Like Vessier-Batchen, O’Neal believes nurses have a long road ahead of
them.
“I think we do have a long way to go in order to earn the respect of
forensic pathologists and law enforcement,” she says. “Again it is that
perception of nurses; however, we as nurses have to earn their respect and at
the same time respect them. I see way too many nurses try to enter this field
with a chip on their shoulder and try approaching pathologists and law
enforcement with an attitude that they can’t survive without them. In fact,
these professionals have been functioning for years and years without nurses. We are not going to change that overnight. We have to approach this with a
humble attitude. Nurses do not investigate better than law enforcement. We do it
differently, and by blending the two professions we are able to, as a team, do a
thorough investigation using the skills that each brings to the investigation. I
think in many cases, nurses may be their own worst enemies. As a profession,
nursing is not very good at networking and lobbying. We need to change others’
perceptions of us but we also must change ourselves and learn how to interact
politically with these other professions.”
Knowing that small pockets of support exist, forensic nurses wanting to break
into death investigation are ready to push for the jobs they want.
“I think there are adequate career opportunities out there in the area of death investigation,” O’Neal observes. “The job description may not be written for a nurse, but there are
opportunities out there. It is up to the nurse to open those doors. As with any new specialty, we are plowing new ground, and this is going to be
a long, tedious process. There are many areas of the country where nurses can run for elected office.
The problem is that very few are willing to take that step. Instead, they want
someone to open the door for them. When plowing new ground you sometimes have to open the door for yourself.

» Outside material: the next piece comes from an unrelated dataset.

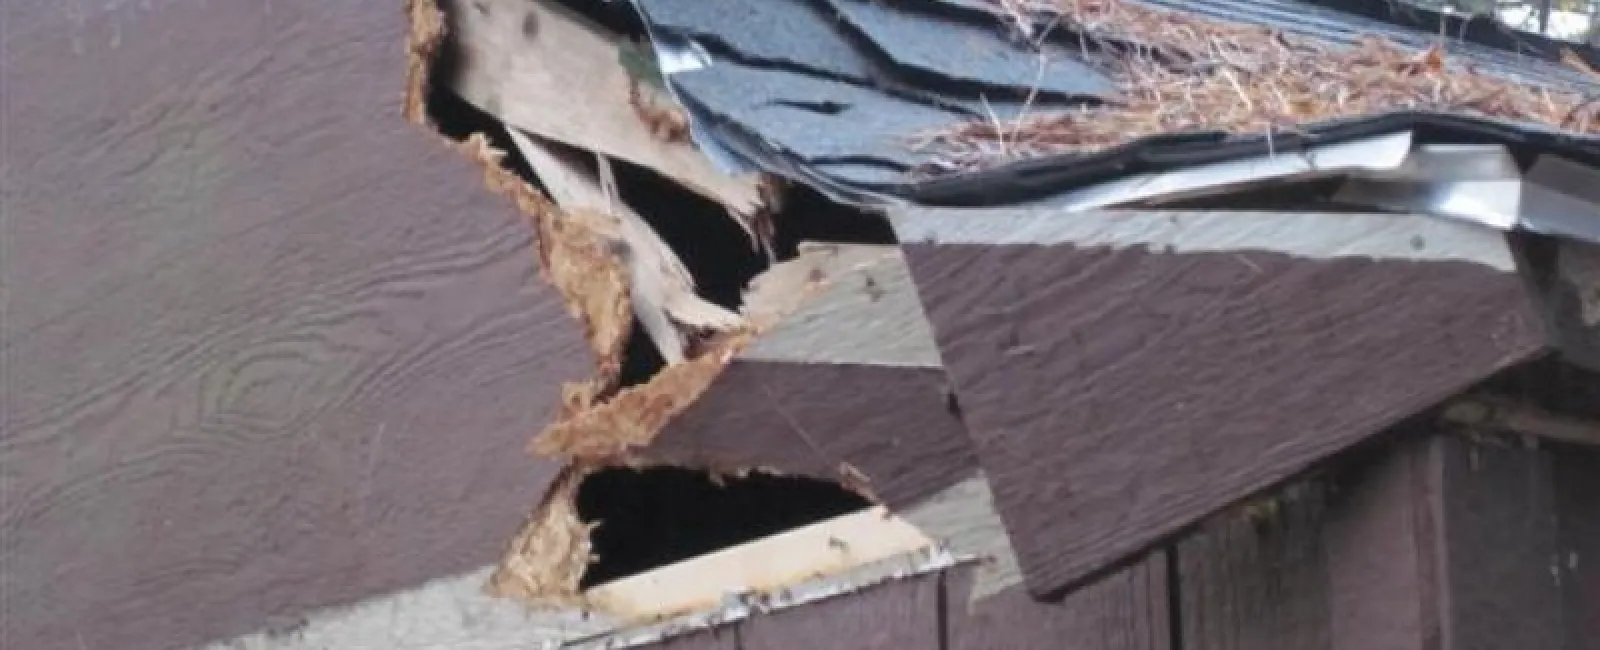 Prevent roof damage from wind

However, there are many who would disagree with my last statement. In the areas
where the opportunities are not available, meaning the ME, state or whoever,
will not even consider using nurses as death investigators, then obviously the
opportunities are not readily available. That is where nurses need to use their
networking skills, become creative and start thinking outside the box. If we are
going to practice in a different setting we need to also start thinking
differently.”
“There are a lot of career opportunities out there but the forensic nurse
must learn to network appropriately and market the role effectively,” Cabelus emphasizes. “This is a new field for nurses. A new forensic nurse
will have to design her own blueprint. If the nurse does not exude
self-confidence and does not promote herself for the job effectively, no one
will do it for her. I strongly recommend that my forensic nursing students
polish up their CV and that they have a plan. Never go into a job interview
unprepared. Set your sites on the desired job and, if asked, state your price.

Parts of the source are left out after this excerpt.